Flex Conversations use Conversations API roles to manage participant permissions when adding participants to a Conversation or when using the Conversations SDK to connect.
The Role Resource represents what a User (e.g. agent, admin, supervisor) can do within the Conversation Service and individual Conversations. Roles are scoped to either a Service or a Conversation.
Flex Conversation Service
Users are assigned a Role at the Service level. This determines what they can do within the Conversation Service instance, such as creating and destroying Conversations within the Service.
Participants are assigned a Role at the Conversation level. This determines what they are able to do within a particular Conversation, such as inviting Participants to be members of the Conversation, posting Messages, and removing other Participants from the Conversation.
Which Roles does Flex create out-of-the-box?
Flex creates the Conversation Service and adds the following Service and Conversation Roles during the initial Flex account setup.
Service Roles
Role: admin
Default Permissions:
joinConversation
deleteConversation
addParticipant
removeParticipant
editConversationAttributes
editOwnUserInfo
editAnyUserInfo
Role: supervisor
Default Permissions:
joinConversation
addParticipant
removeParticipant
editOwnUserInfo
Conversation Roles
Role: guest [DEFAULT]
Default Permissions:
sendMessage
sendMediaMessage
Role: agent
Default Permissions:
editConversationAttributes
sendMessage
sendMediaMessage
leaveConversation
editOwnMessage
editOwnMessageAttributes
deleteOwnMessage
Role: admin
Default Permissions:
editConversationAttributes
sendMessage
sendMediaMessage
leaveConversation
editOwnMessage
editOwnMessageAttributes
deleteOwnMessage
editAnyMessage
editAnyMessageAttributes
deleteAnyMessage
Role: supervisor
Default Permissions:
editConversationAttributes
sendMessage
sendMediaMessage
leaveConversation
editOwnMessage
editOwnMessageAttributes
deleteOwnMessage
editAnyMessage
editAnyMessageAttributes
deleteAnyMessage
How does Flex use these Roles?
The first time a worker logs in, Flex creates a corresponding Conversation User.

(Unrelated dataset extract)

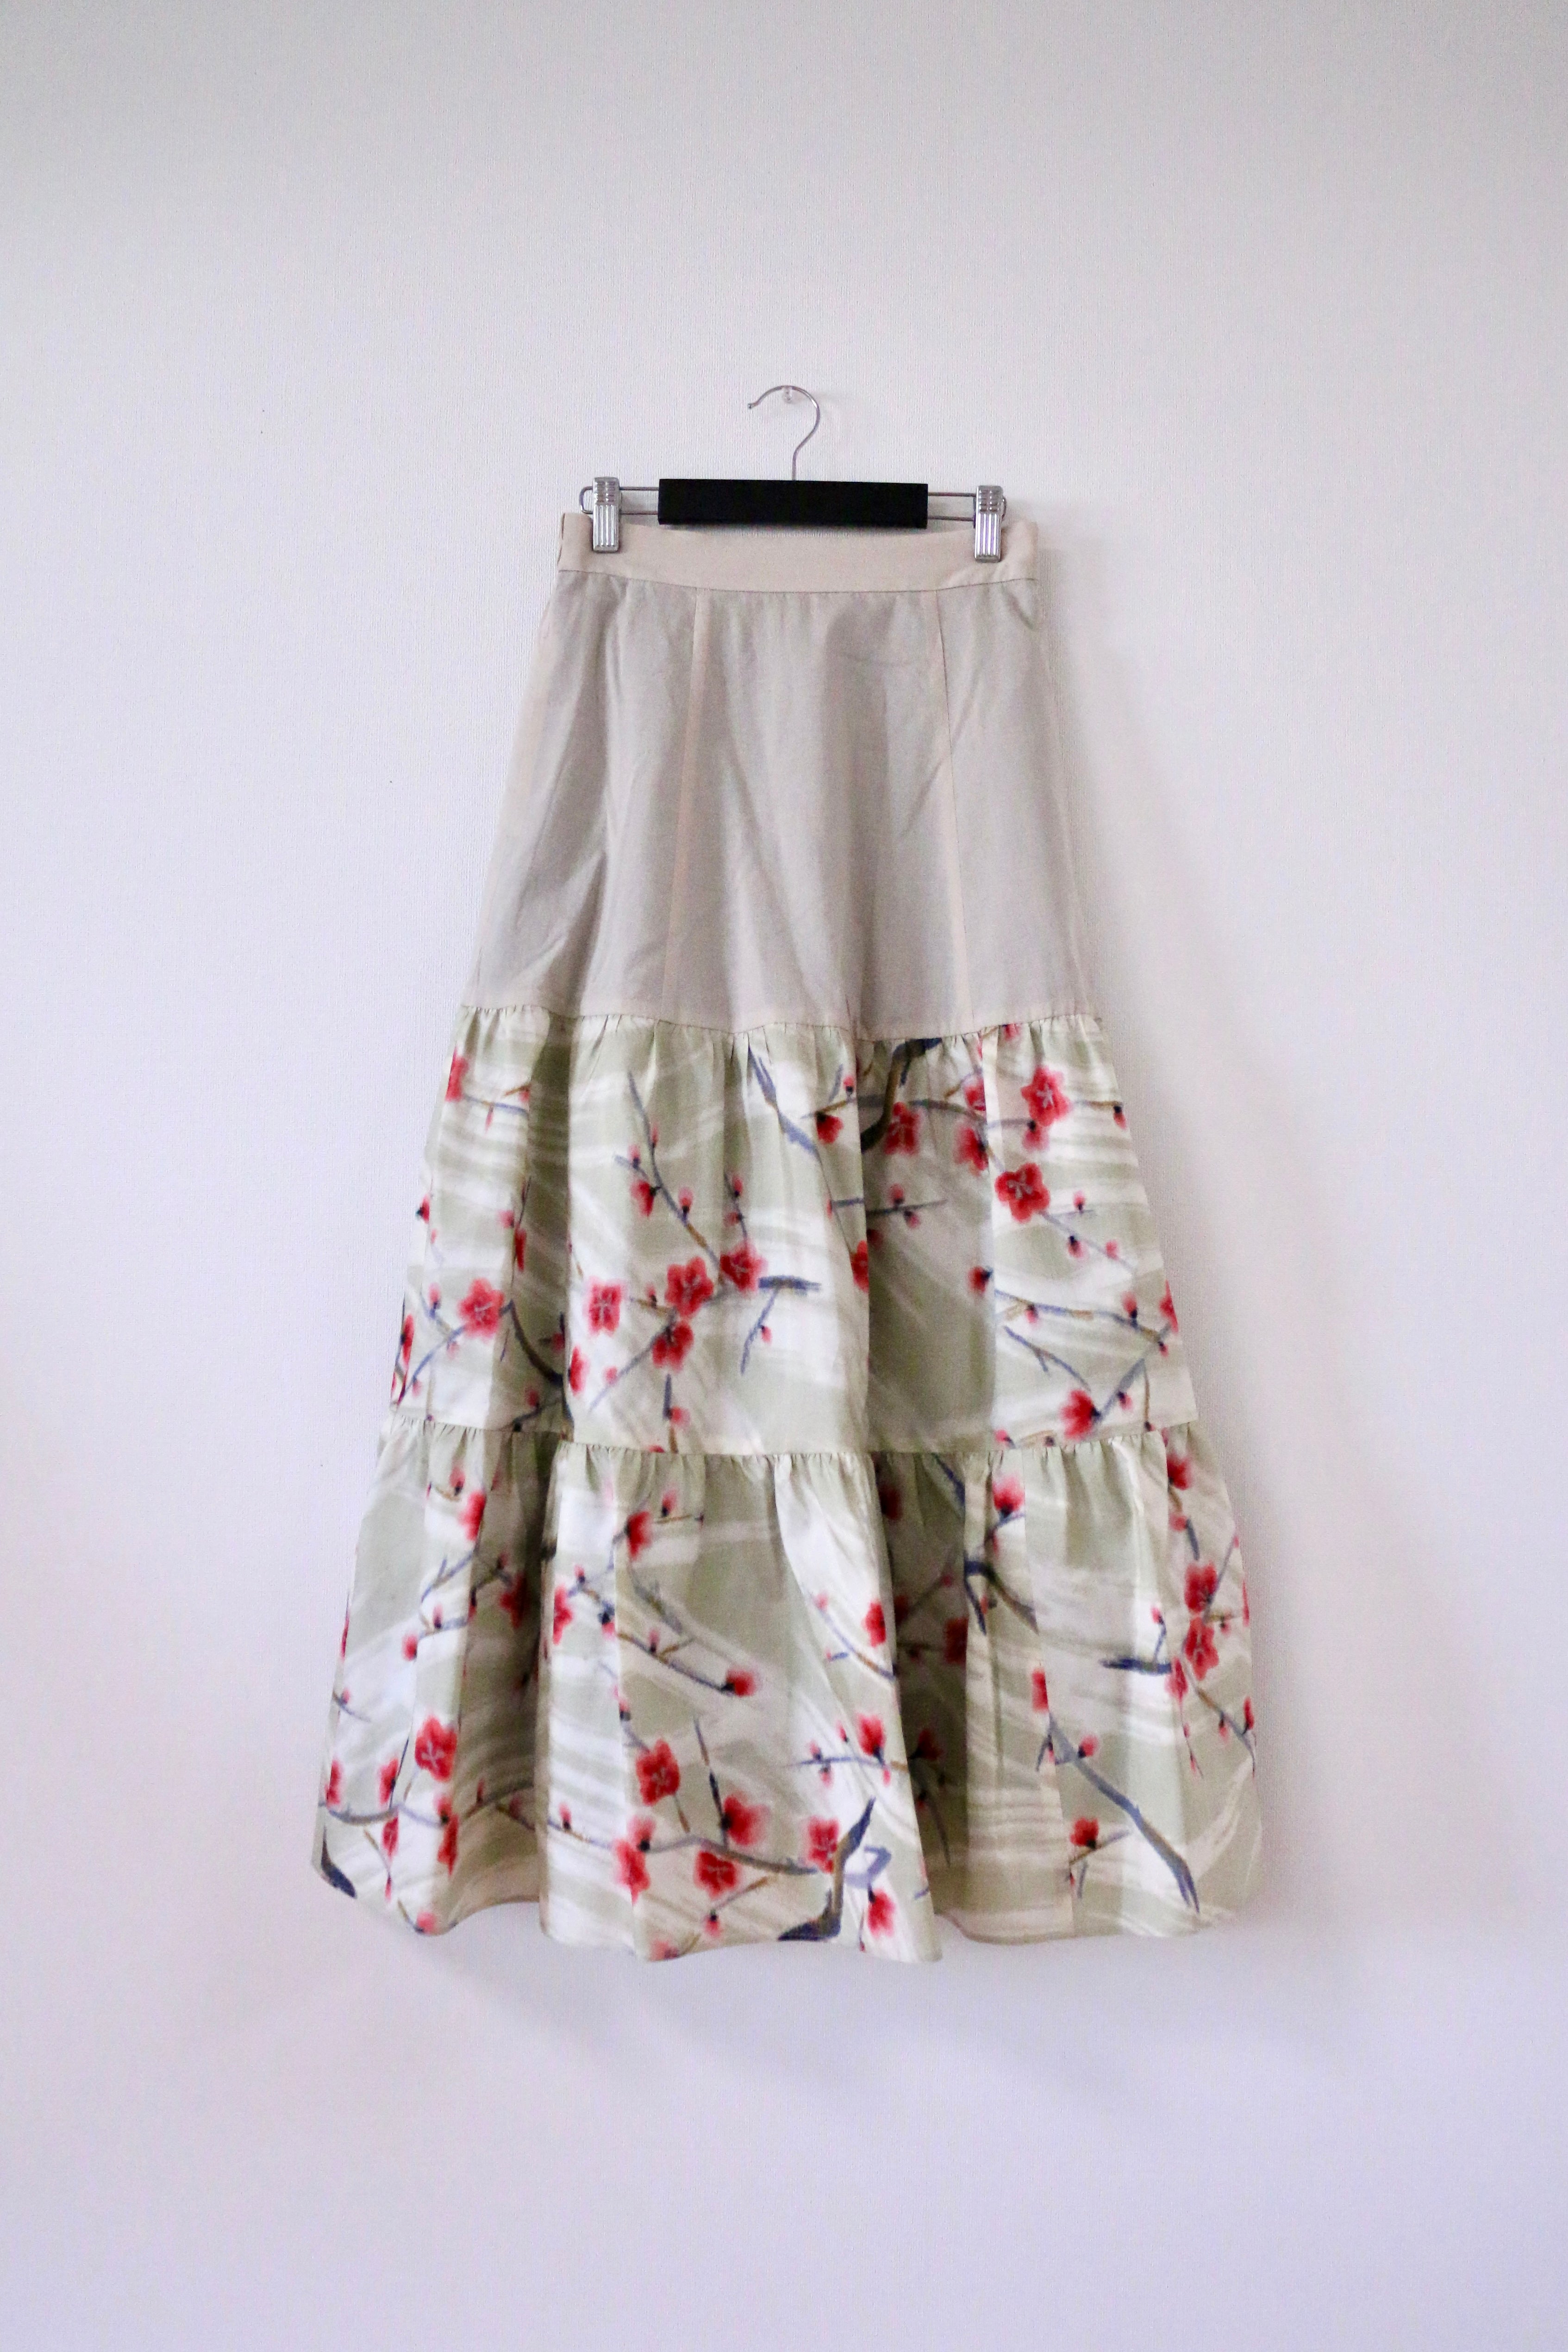 Ume -Meisen Teayard Skirt beige-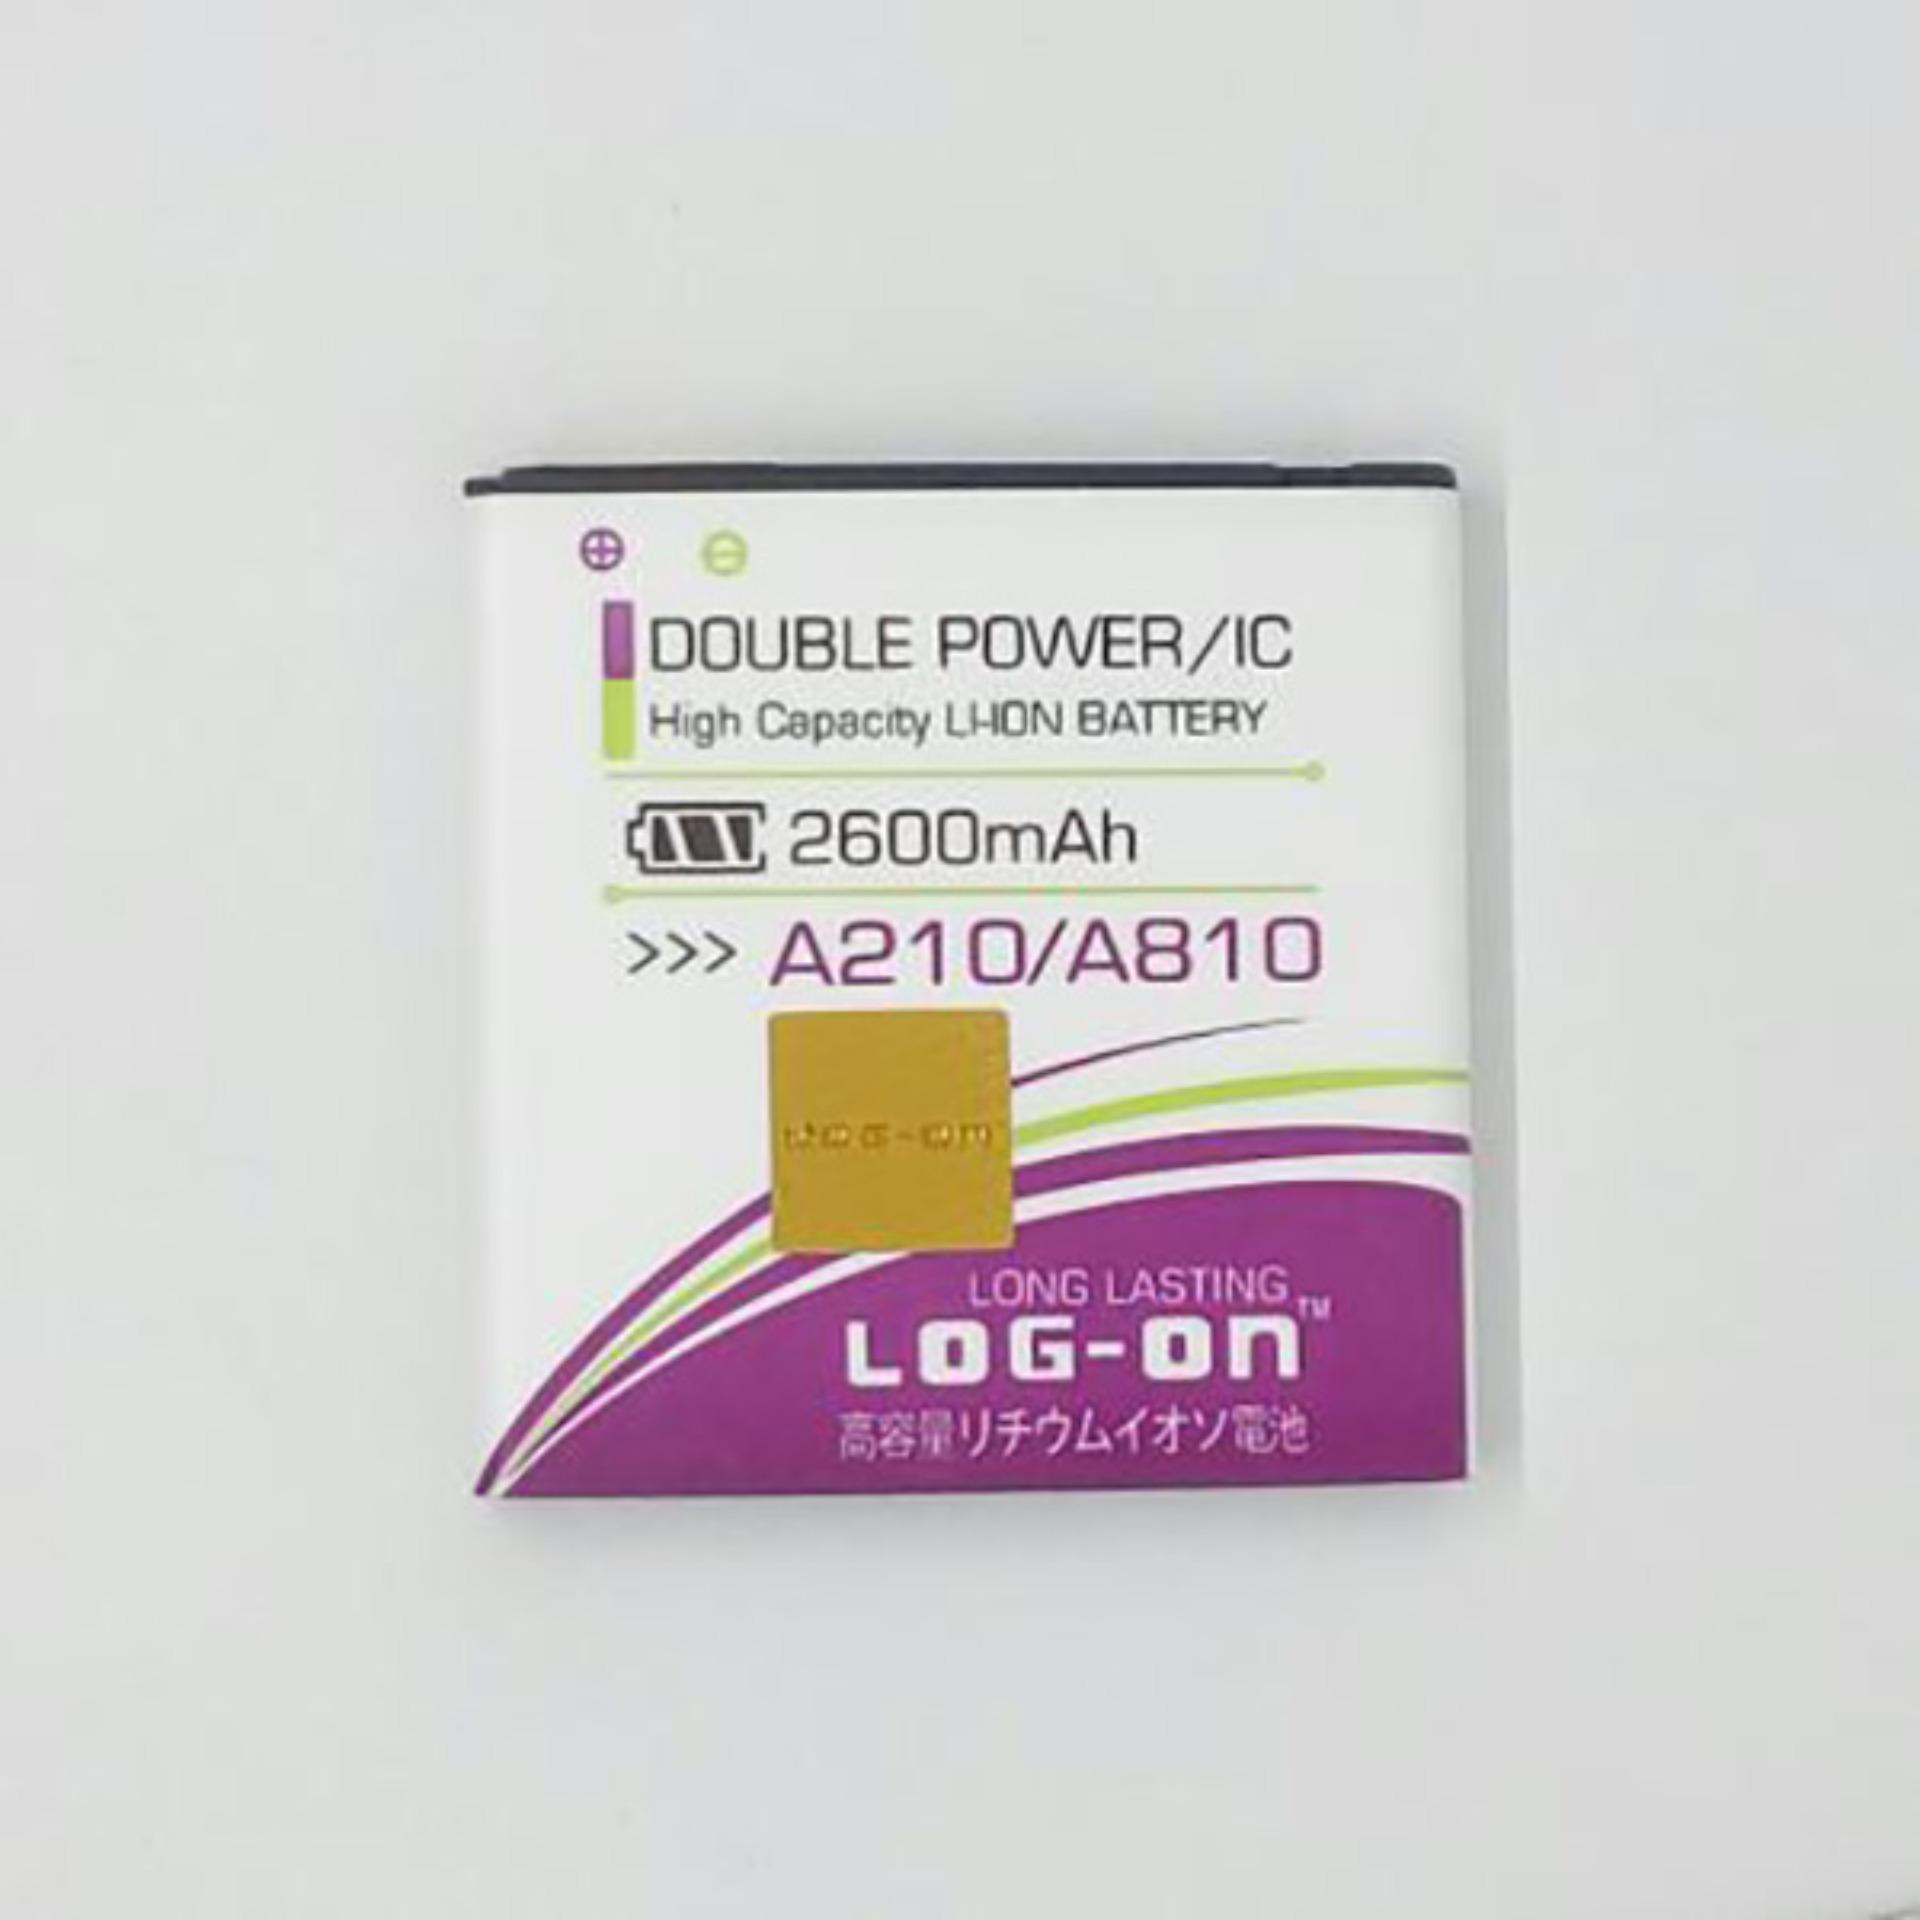 LOG-ON Battery For Mito A210/A810 2600mAh - Double Power & IC - Garansi 6 Bulan

For workers authenticating through the Twilio Console, the corresponding Flex Conversation Service User will be created with the admin role.
For workers authenticating via a third-party IdP (identity provider), Flex creates a corresponding Conversation Service User according to their
SSO role
: agent, supervisor, or admin.
Once a worker logs in successfully, the Flex UI initializes the Conversations SDK with a token that includes the grants:
The token includes Flex Roles grants based on the user role (
agent/supervisor/admin
) that is set in the IdP.
The Conversation User
Service Role
is updated (in the Conversations Users database) based on the Flex Role grants (an agent can be promoted to a supervisor, or vice versa).
Known limitations
Regardless of what role you have as a Flex user, Flex Conversations uses the default configured role —
guest
— when adding the user to a Conversation or Chat Task.